# is this betta is show worthy



## mashp (Feb 24, 2015)

I found this betta in ebay can you guys tell me is show worthy 

http://www.ebay.com/itm/Live-Betta-Fish-Imported-Crowntail-Plakat-AMAZING-/251853174389?pt=LH_DefaultDomain_0&hash=item3aa39e7675


----------



## Nimble (Aug 31, 2014)

Since you would be buying it, and not breeding it yourself, it would have to be shown in the Purchased Fish category. Also, I'm not sure if they have standards for Crowntail Plakat.


----------



## hrutan (Jun 25, 2014)

I just checked, there is a trial standard for shortfin crowntail.


----------



## lilnaugrim (Mar 27, 2013)

We could critique him based on CT and PK standards since I assume they'd just be merged for a shortfin CT standard.

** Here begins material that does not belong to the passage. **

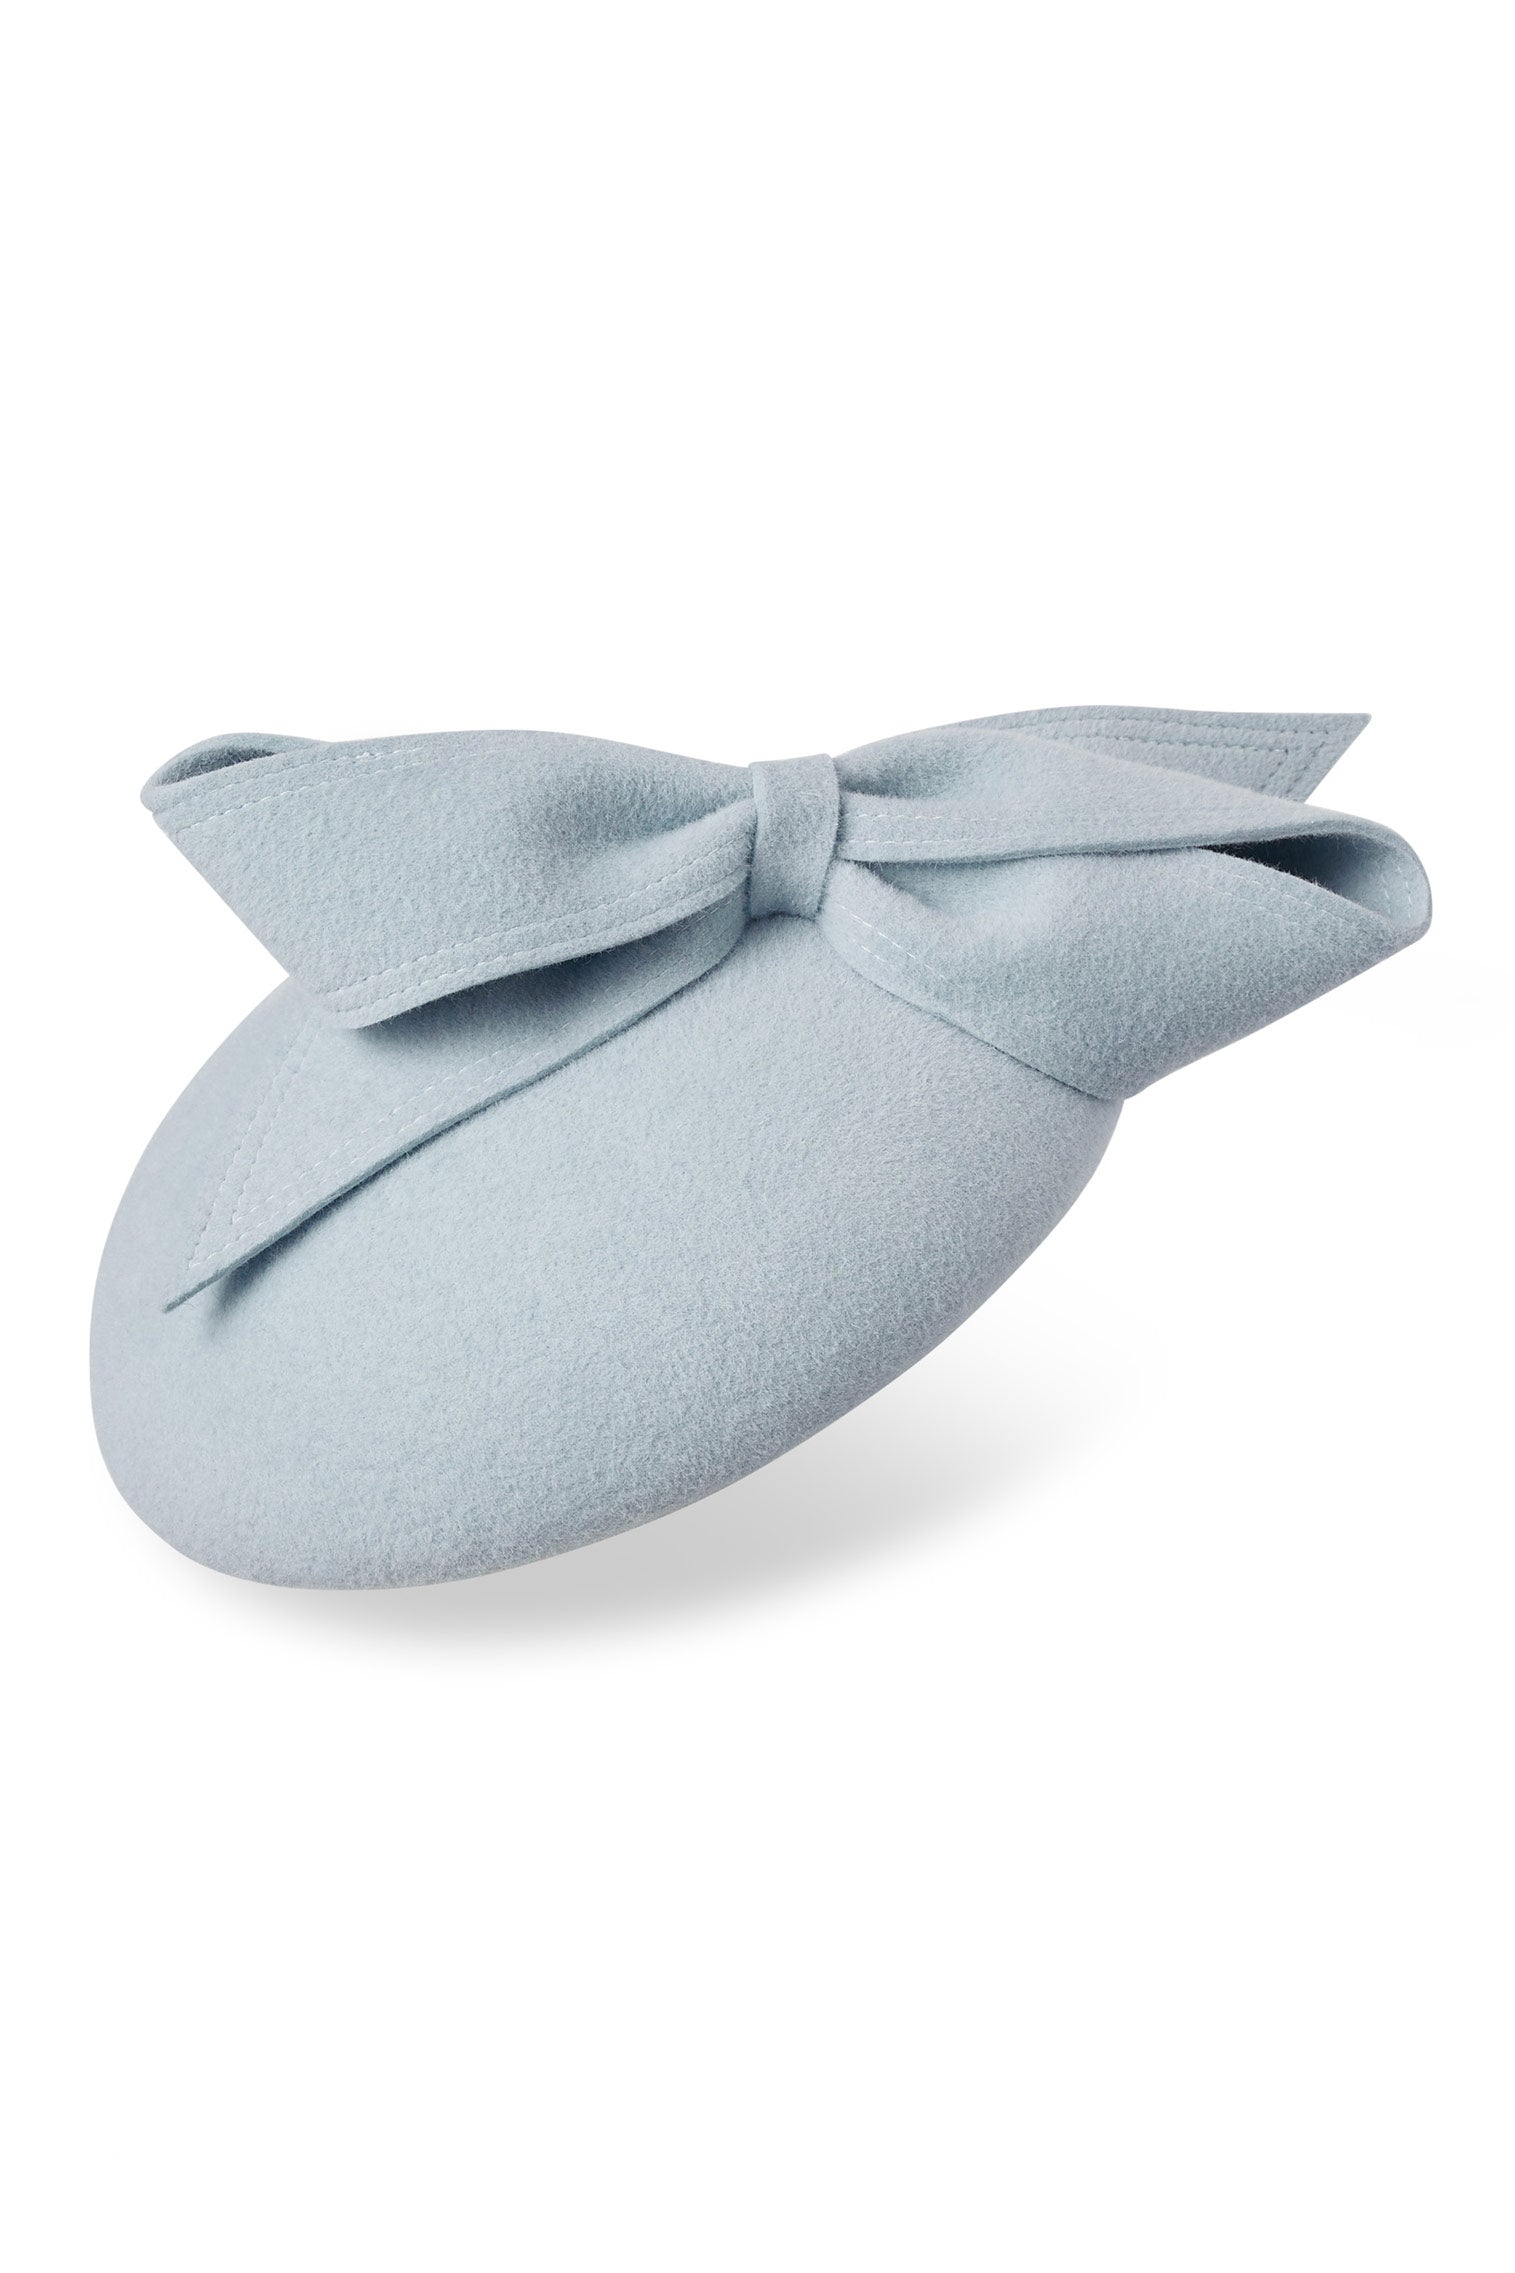 Lana Light Blue Button Hat - Royal Ascot Hats - Lock & Co. Hatters London UK

But from what I can see and what I'd assume that they'd want to see, his web reduction on his caudal is not deep enough. On CT's, the web reduction needs to be equal all the way around, so the caudal webbing would have to match the dorsal and the anal fin to be better. His body is nice and long and dorsal points forward without a stubby ray which is good! His topline is slightly bumpy at his head but otherwise doesn't look too terrible. His coloration is okay for a Solid Red but he does have a lot of iridescence and black edging (pineapple) for a red.

So the biggest thing that stands out to me is his caudal which I would assume, needs more web reduction. You could definitely breed him if you wanted better show quality fish, and you could show him in the Purchased Fish section but I don't think he'd do exceptionally well with his assumed faults at least.


----------



## indjo (Jun 6, 2010)

+1 lil
web reduction must be 50% of total fin length on all fins (to my knowledge). You want a half circle caudal (his caudal looks uneven).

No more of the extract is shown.